Api dari Perun Meluas, 10 Hektare Lahan Gambut Hangus

Lina 12 Feb 2026, 19:13
Api dari Perun Meluas, 10 Hektare Lahan Gambut Hangus
Api dari Perun Meluas, 10 Hektare Lahan Gambut Hangus

RIAU24.COM - SIAK – Jajaran Satreskrim Polres Siak berhasil mengungkap kasus tindak pidana kebakaran hutan dan lahan (karhutla) yang terjadi di Kampung Teluk Lanus, Kecamatan Sungai Apit, Kabupaten Siak. Seorang pria berinisial MA (38) resmi ditetapkan sebagai tersangka setelah lahan miliknya terbakar dan meluas hingga sekitar 10 hektare di atas tanah gambut.

Kapolres Siak AKBP Sepuh Ade Irsyam Siregar SH SIK MH melalui Kasat Reskrim AKP Tidar Laksono S.Tr.K., S.I.K. menjelaskan, kebakaran bermula pada Sabtu, 17 Januari 2026 sekitar pukul 11.00 WIB.

“Awalnya api terlihat sekitar satu hektare di lahan milik tersangka. Namun karena kondisi tanah gambut yang mudah terbakar, cuaca panas berkepanjangan serta angin kencang, api terus merambat hingga mencapai kurang lebih 10 hektare,” ujar AKP Tidar Laksono, Rabu (11/2/2026).

Terpantau Satelit Lancang Kuning

Kasus ini terungkap setelah munculnya titik panas (hotspot) yang terdeteksi melalui Dashboard Lancang Kuning. Menindaklanjuti temuan tersebut, personel Polsek Sungai Apit langsung turun ke lokasi untuk melakukan pengecekan sekaligus penyelidikan.

Dari hasil pemeriksaan saksi-saksi serta pengakuan tersangka, diketahui kebakaran bermula saat MA membersihkan lahannya untuk membuka kebun cabai. Ia membakar tumpukan semak dan daun kering (perun) di lahan tersebut. Namun api yang awalnya kecil tidak dapat dikendalikan dan terus membesar.
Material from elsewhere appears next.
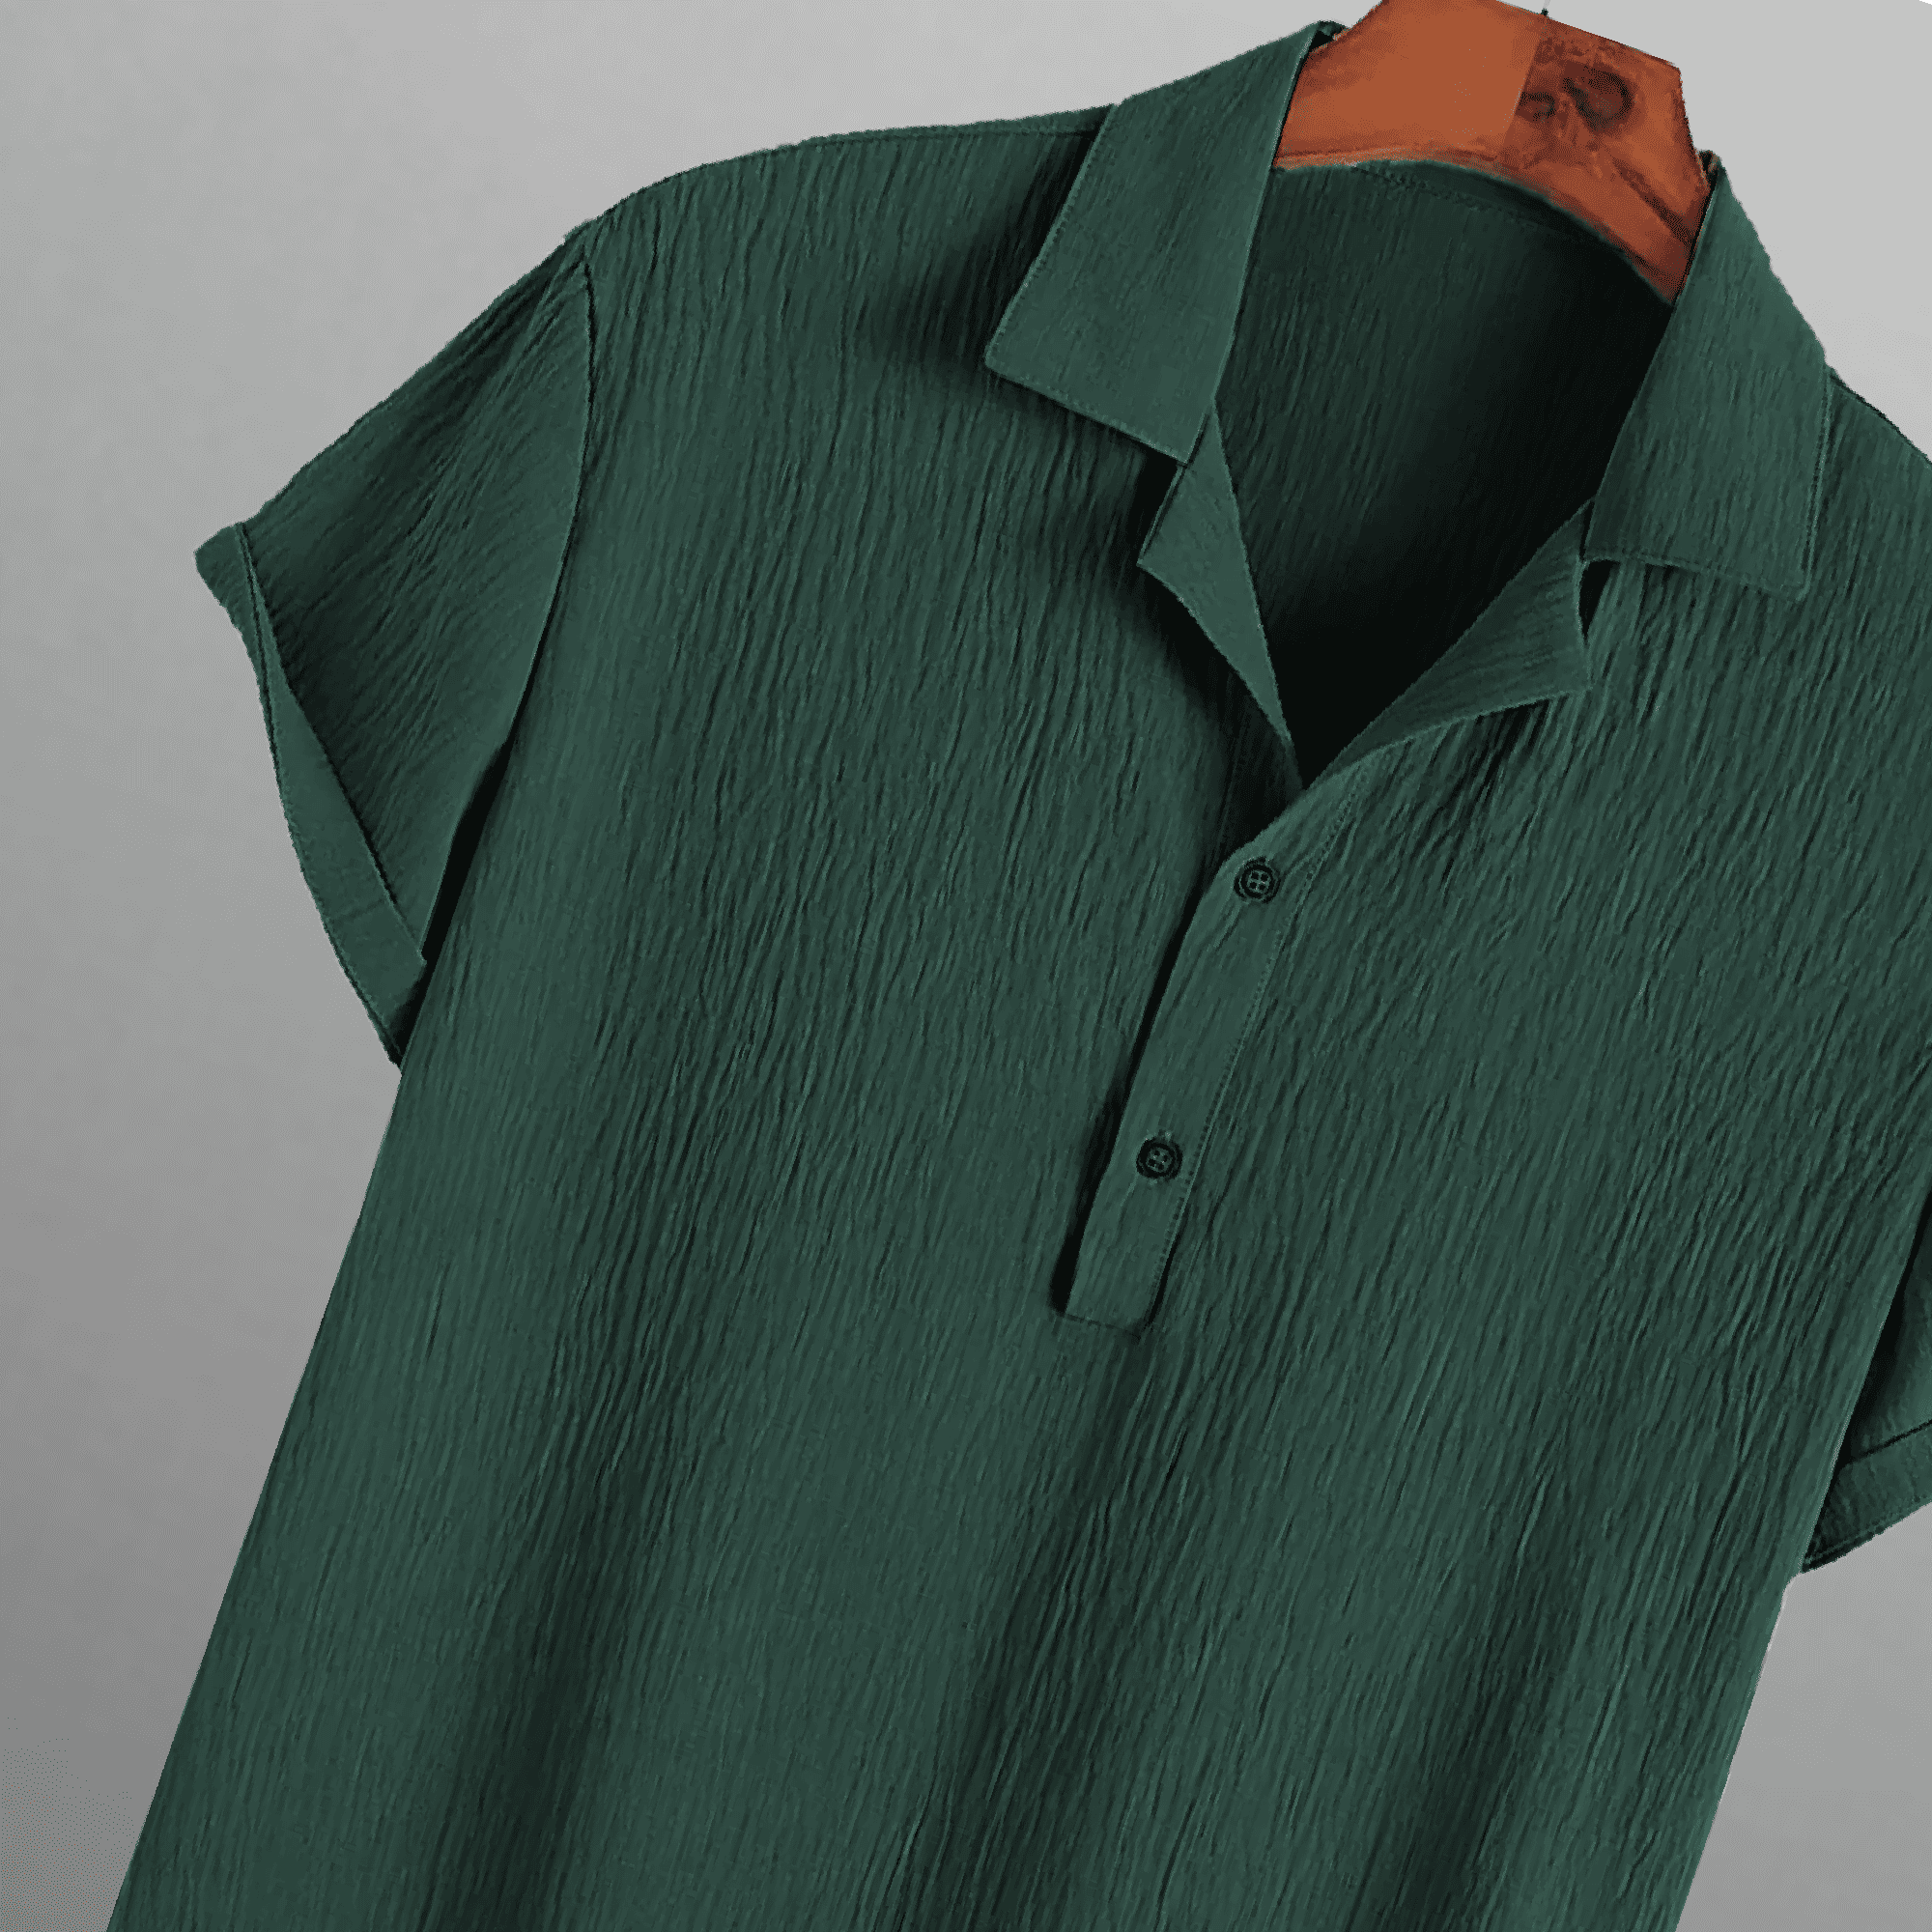 Men's Forest Green Textured T-shirt style shirt-RMS026

“Berdasarkan pengakuan tersangka dan keterangan saksi, api berasal dari pembakaran yang dilakukan sendiri oleh yang bersangkutan. Api kemudian tidak bisa dipadamkan secara maksimal dan terus meluas,” jelas AKP Tidar.

Petugas turut mengamankan sejumlah barang bukti berupa satu tunggul kayu, dua potong kayu bekas terbakar, serta satu buah cangkul yang digunakan untuk aktivitas pembersihan lahan.

Negara Jadi Korban

Dalam perkara ini, Negara Republik Indonesia menjadi korban atas kerusakan lingkungan yang ditimbulkan akibat kebakaran tersebut. Lokasi kejadian berada di koordinat 0.72143357N 102.84959191E dengan karakteristik tanah gambut yang sangat rentan terbakar serta sulit dipadamkan.

Tersangka dijerat dengan Pasal 308 ayat (1) atau Pasal 311 Undang-Undang Nomor 1 Tahun 2023 tentang Kitab Undang-Undang Hukum Pidana (KUHP), terkait perbuatan yang menimbulkan kebakaran dan membahayakan lingkungan.

Saat ini, penyidik telah melaksanakan gelar perkara, memeriksa saksi-saksi dan tersangka, serta melengkapi berkas perkara untuk segera dilimpahkan ke Jaksa Penuntut Umum (JPU).

Komitmen Tegas Polres Siak

Kapolres Siak AKBP Sepuh Ade Irsyam Siregar menegaskan bahwa pihaknya tidak akan mentolerir segala bentuk pembakaran lahan, khususnya di wilayah gambut yang memiliki risiko tinggi terhadap kebakaran besar dan kabut asap.

“Kami berkomitmen menindak tegas setiap pelaku pembakaran hutan dan lahan, baik disengaja maupun karena kelalaian. Tidak ada alasan membuka lahan dengan cara dibakar. Dampaknya sangat luas, bukan hanya bagi lingkungan tetapi juga kesehatan masyarakat dan perekonomian daerah,” tegas Kapolres.

Ia juga mengimbau masyarakat agar menggunakan metode pembukaan lahan tanpa bakar serta segera melaporkan apabila menemukan indikasi kebakaran di wilayahnya.

“Sinergi masyarakat sangat kami harapkan. Pencegahan adalah kunci utama agar Kabupaten Siak terbebas dari bencana karhutla,” tutupnya.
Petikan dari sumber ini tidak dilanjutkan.